Southern Scotch

Southern Scotch
After the Fall 2016

Saturday, August 3, 2013

The Velvet Fist and Five Frightening Words

Have you ever heard a tale so cool you couldn't help replaying it in your head over and over again? I know two and I was part of one. And tonight I'm in a mood. If you are too, then here they are.

In his memoir, publisher Michael Korda told the tale of Five Frightening Words. The tale starred a powerful agent, one of the most potent forces around. The agent was always soft-spoken...invariably polite...and hell on wheels at business. The thing was, he never blustered. He never, never lost his cool. He never threatened, never yelled. In fact, he never raised his voice. At a point, though, in any proceeding, the dreaded moment invariably came: this quiet man--who, by the way, also never bluffed--would say the five words his world trembled to hear: 'Is that your final offer?' At this point, you see, any games had to stop.
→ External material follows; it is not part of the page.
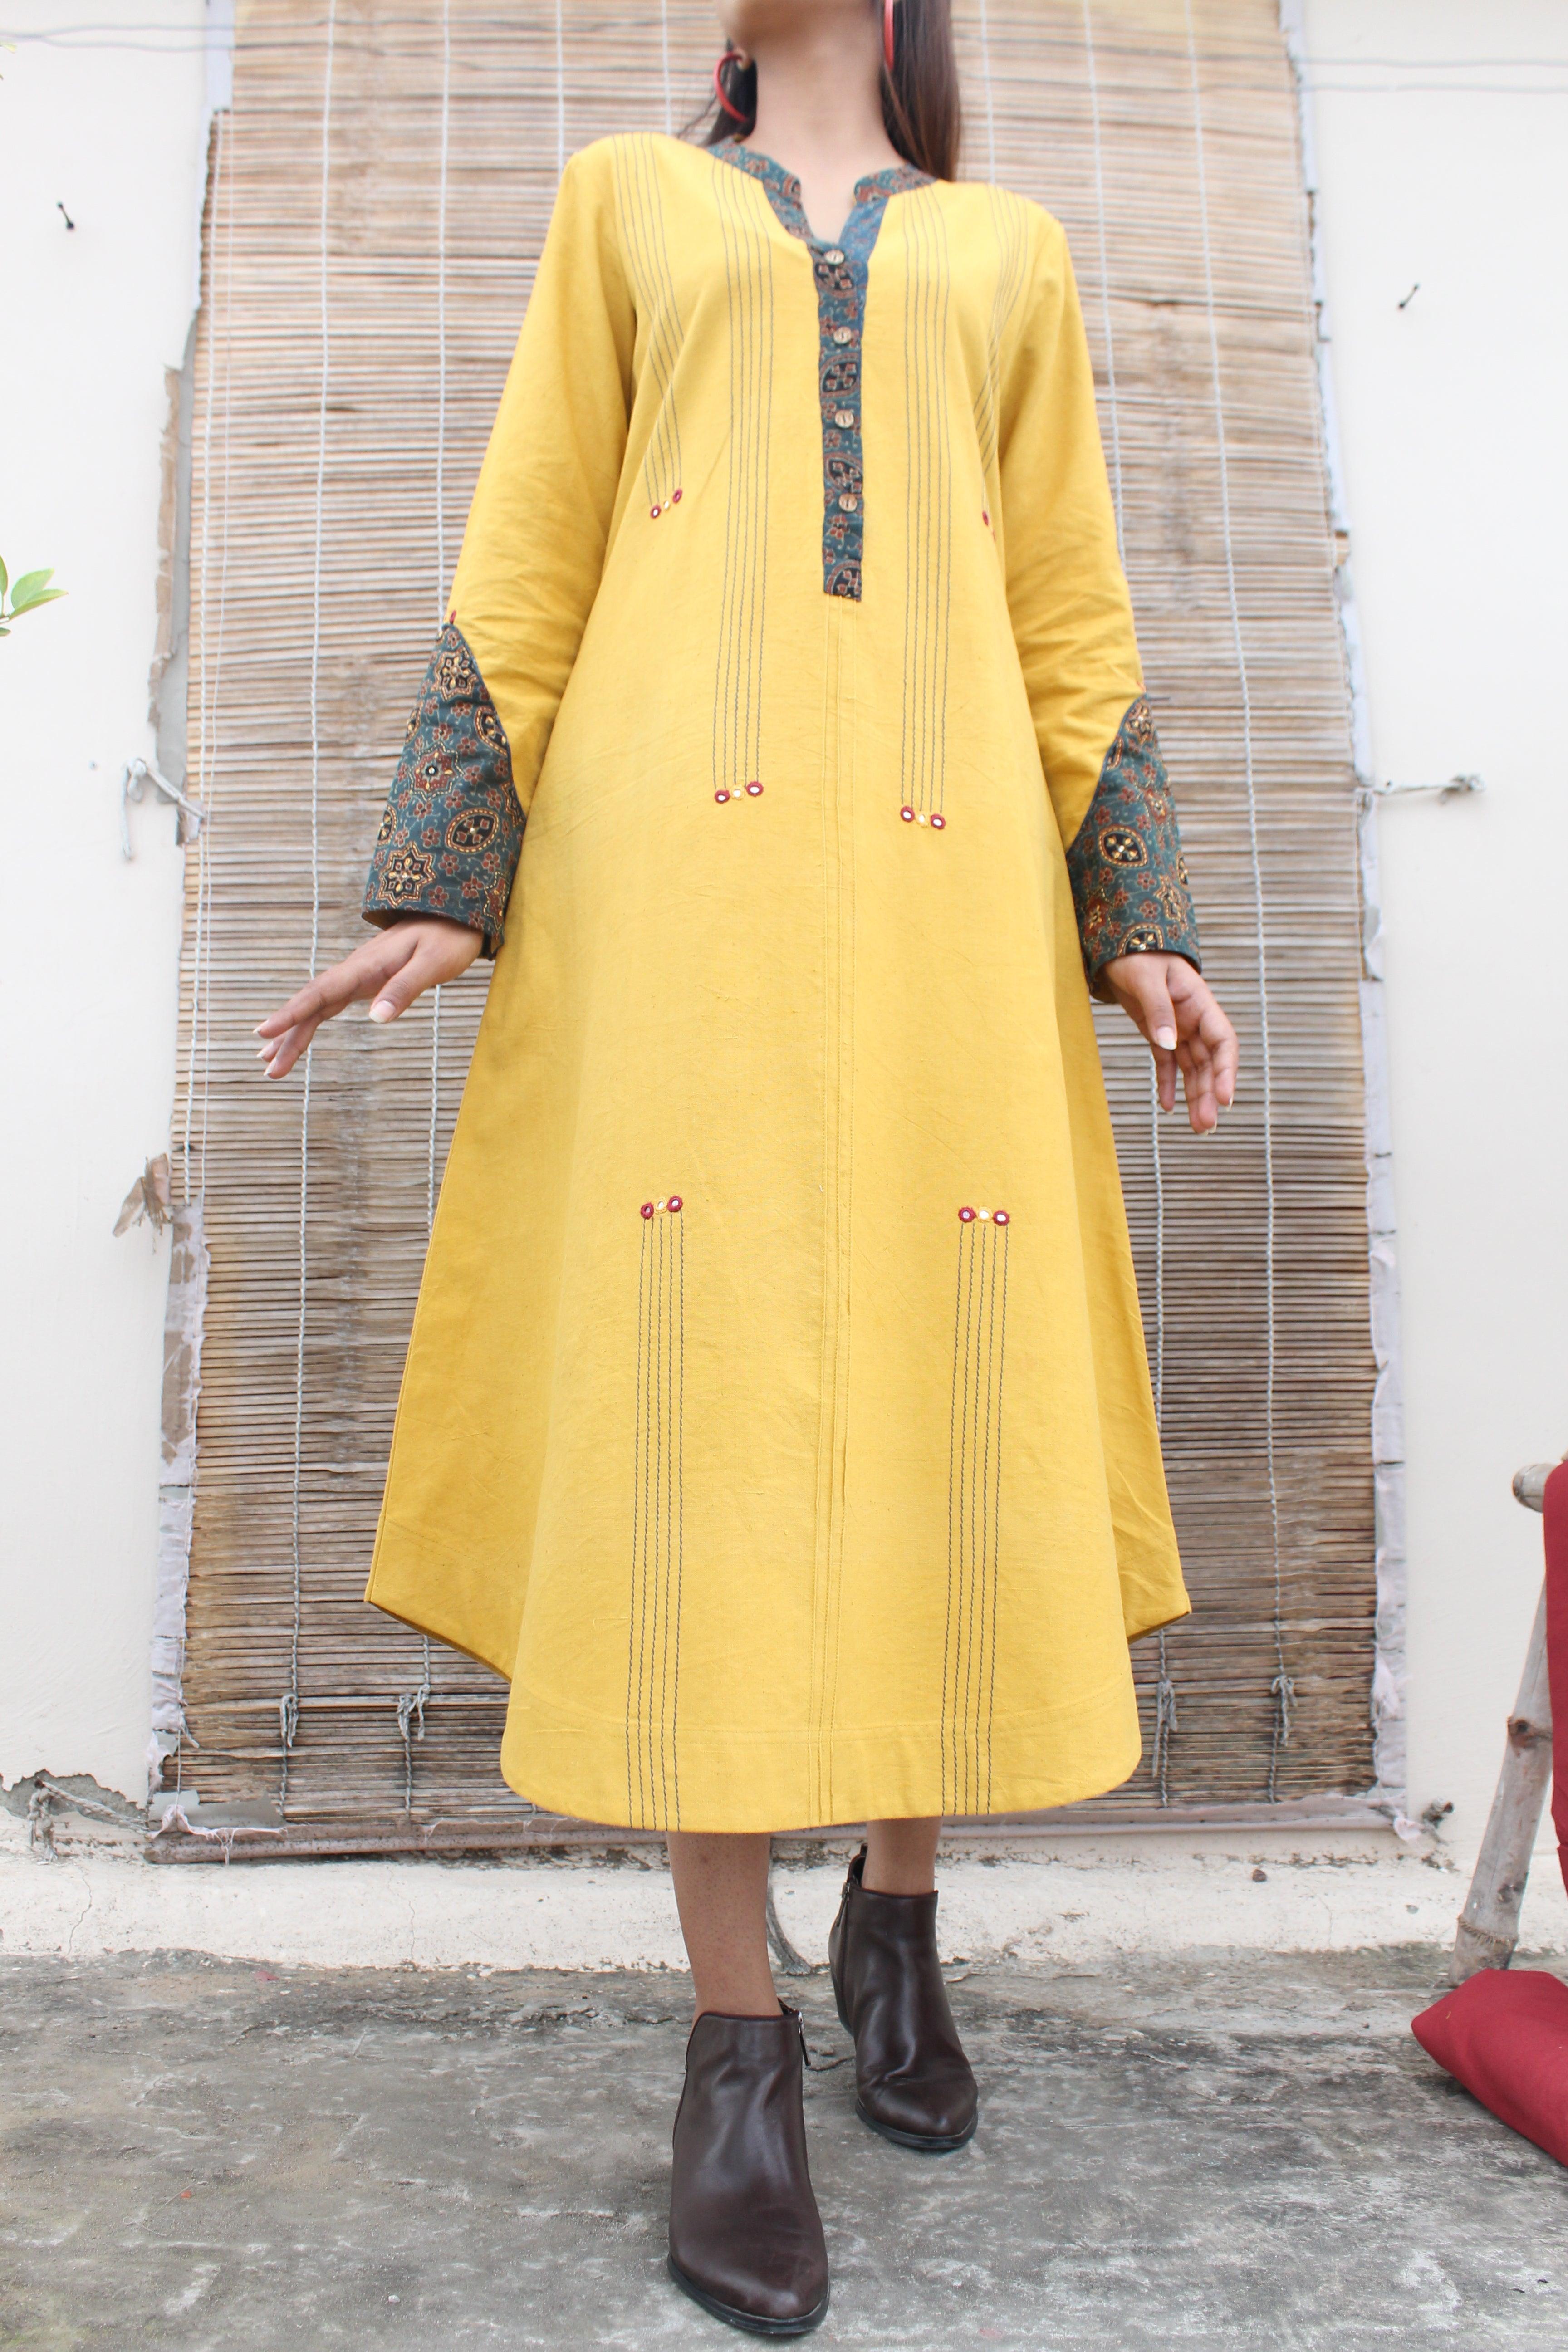 Khadi dress kurta with ajrakh and mirror detail - Sohni

The question meant he was ready to walk--and walk off with a property, the loss of which might well cause your sorry head to roll. No debate: accept that risk or meet the figure that he had in mind.

The man some called The Velvet Fist taught me another great lesson, this one more painfully learned. In the early 90s, when my horror career was still hot, I did some agent jumping with hopes of earning kaboodles of cash. I signed on with The Velvet Fist, though he insisted I knuckle down and finish my third novel before he took it to market. I needed an advance, though, to write it. TVF held fast, though: he'd make us kaboodles if I wrote it first. I started, then caught wind of a hot new agent who was looking for clients and selling books on spec. I needed money, damn it. So...I sent TVF a short letter, informing him that I'd found new representation. And TVF responded on one of the tiny note sheets that had become his trademark: 'I suppose you must follow your star. Best of luck.' Now, he may have been livid. But those were his words. And, time and again, through the years, I would wish that he had gone off on me, giving me some grounds for rancor. TVF went on to reject every new book that I pitched him for years. But all I could hear was his gracious 'I suppose you must follow your star.'

I admire both these men more and more each year. Salut!